What the task asks -
Drop the images. Copy every line below character for character.

Information provided -
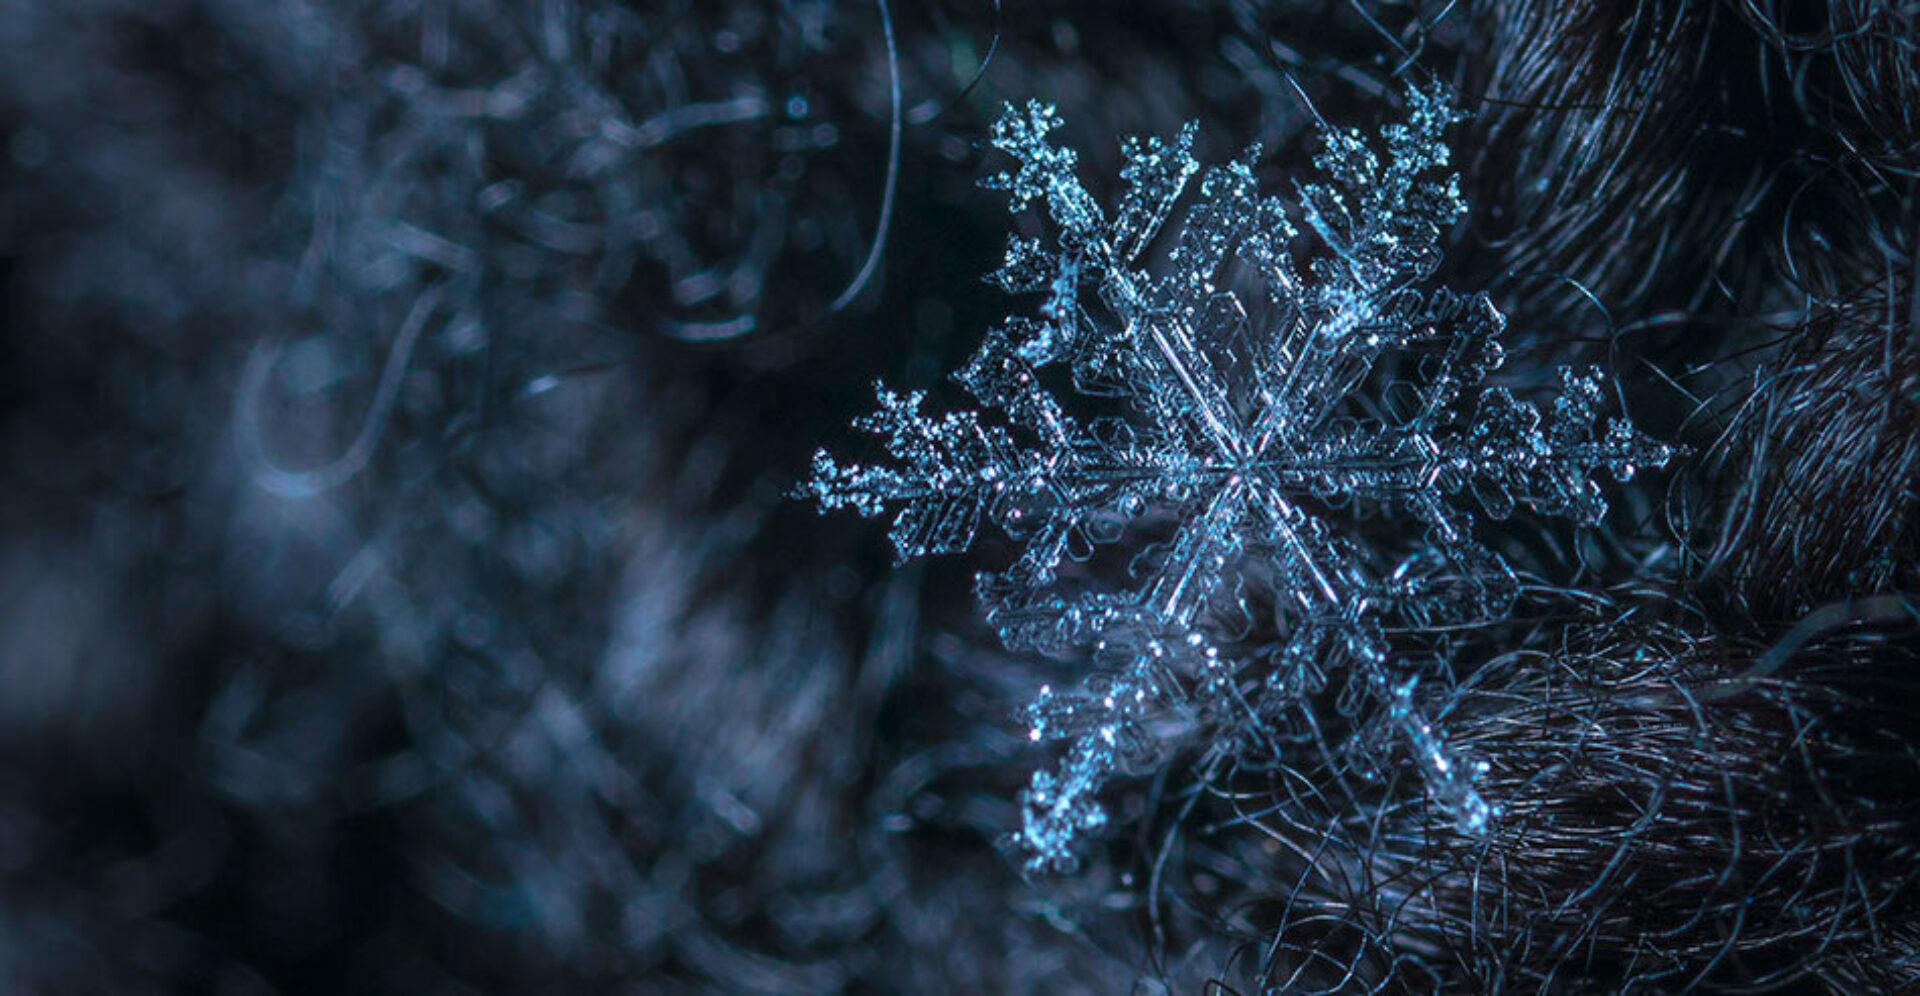 Midwinter (21 december) - De kortste dag, de langste nacht
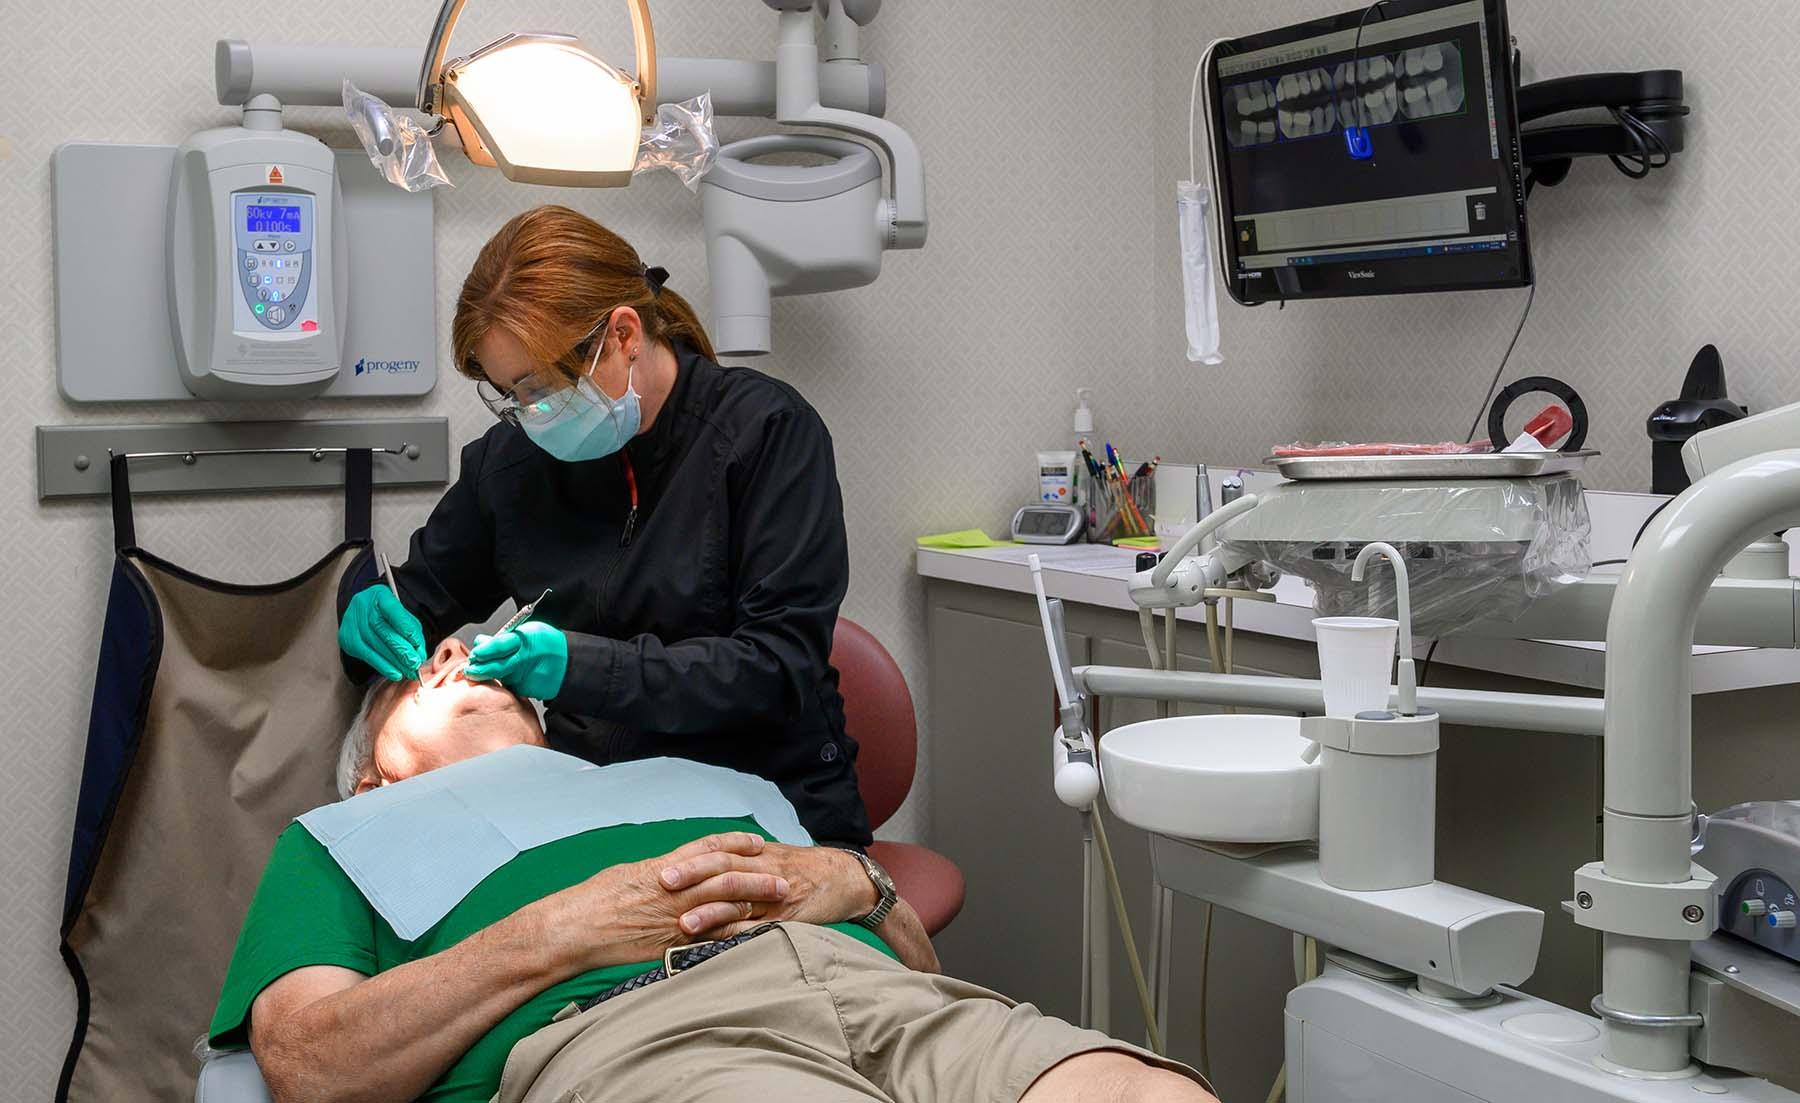 Preventative, comprehensive dental services
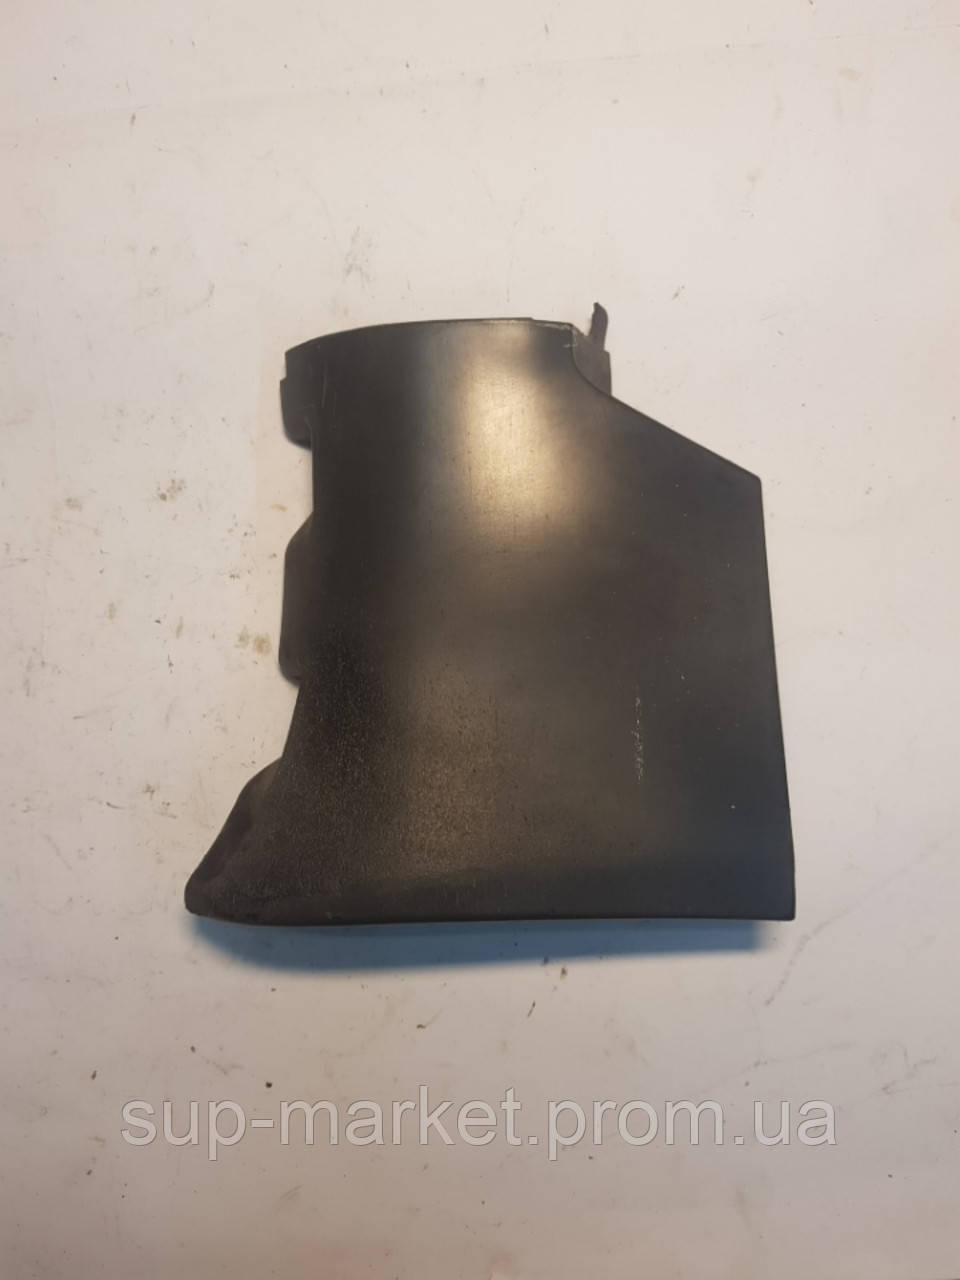 4B0853579 Накладка порога левая задняя  A6 C5 2.5TDI 1997-2004

Task response -
 Midwinter (21 december) - De kortste dag, de langste nacht
 Preventative, comprehensive dental services
 4B0853579 Накладка порога левая задняя  A6 C5 2.5TDI 1997-2004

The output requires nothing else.